National Post

Investors bet on Canadian stocks

- Stefanie Marotta

Canada’s stock market rallied 22 per cent in 2021, but investors are betting on more gains as they shift from volatile growth stocks.

The S&P/TSX Composites trading near its cheapest level on record relative to the S&P 500 after getting caught up in the global stock rout. That’s emerging as a catalyst for gains, especially since looming interest-rate hikes and surging commodity prices benefit the value-heavy national equity benchmark.

Canadian stocks are below their five-year average valuation at about 14.1 times, and creeping toward levels as low as Japan’s Tokyo Stock Exchange Tokyo Price Index — known for its low multiples. After years of soaring technology stocks, the growth-heavy S&P 500 Index, by contrast, is trading at 19.2 times forward earnings.

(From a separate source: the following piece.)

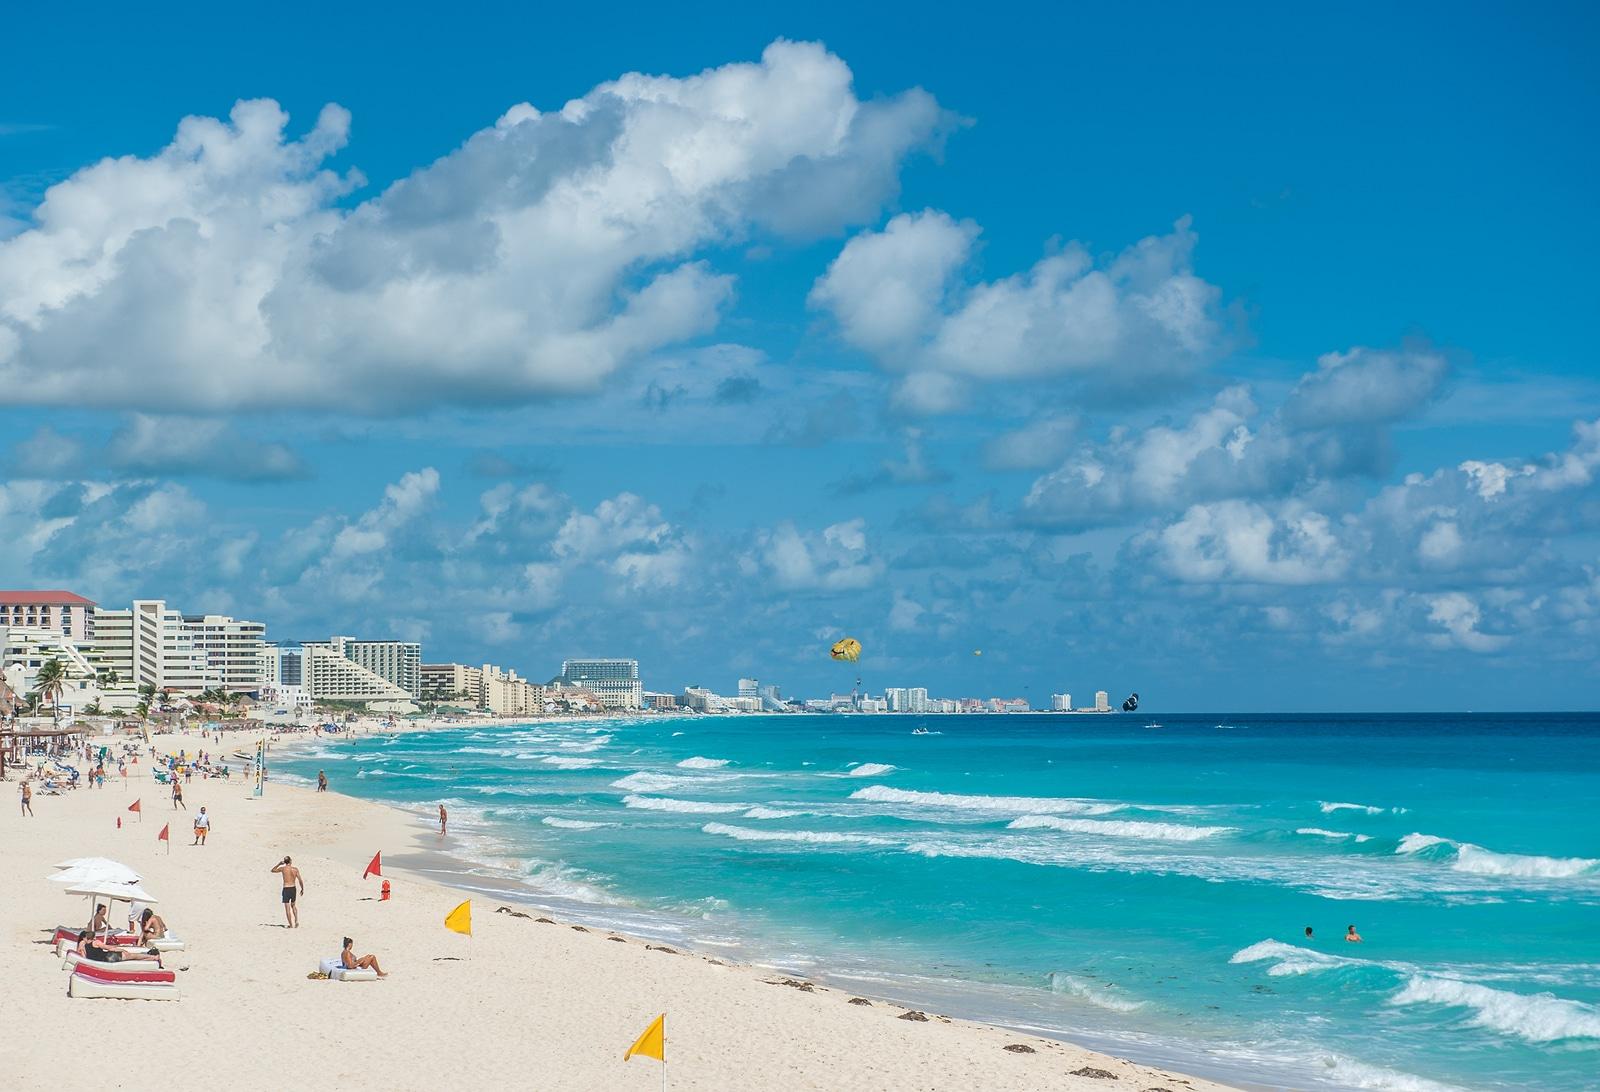 Krystal International Vacation Club Highlights Sightseeing in Cancun

“Canadian equities remain a strong relative value play within global markets, with 2022 likely positioned to see expanded reopening of the economy that should result in another year of record earnings and one of the strongest dividend growth cycles in decades,” Bank of Montreal chief investment strategist Brian Belski said in a note. He expects the S&P/ TSX to climb to 24,000 by the end of the year, which would mark another all-time high.

Global benchmarks have tumbled in the first month of the year, but the TSX has staved off major losses. Propping up the market are Canada’s value stocks, with financials and energy making up half of the index.

Foreign investors have already started pivoting. Global investors bought $30.1 billion in Canadian securities in November, the largest since April 2020, according to BMO Capital Markets.

While market strategist­s expect wage increases and rising rates to squeeze profit margins this year, they also predict Canada’s value stocks can continue to turn out expectatio­n-beating results.

Canadian National Railway Co. launched earnings season with an expectatio­n-beating fourth quarter even after contending with floods, frost and grain shortages — a sign Canada’s economy strengthen­ed in the wake of COVID-19 restrictio­ns. The result could be a harbinger for what’s to come. Scotiabank strategist Hugo Ste-marie expects fourth-quarter earnings per share from companies in the TSX to hit a new high.

“A healthy labour market, soaring commodity prices and resilient profit margins could argue for a beat,” Stemarie said in a note to clients, adding that pent-up demand trumps supply challenges and inflationa­ry pressures.

The Bank of Canada and the U.S. Federal Reserve signalled on Wednesday that they could tighten monetary policy as early as March. The Big Six banks, which make up nearly a quarter of the TSX, would benefit the most.

“We’re looking at stronger-than-expected earnings in the financials and energy sectors,” Fiera Capital portfolio manager Candice Bangsund said.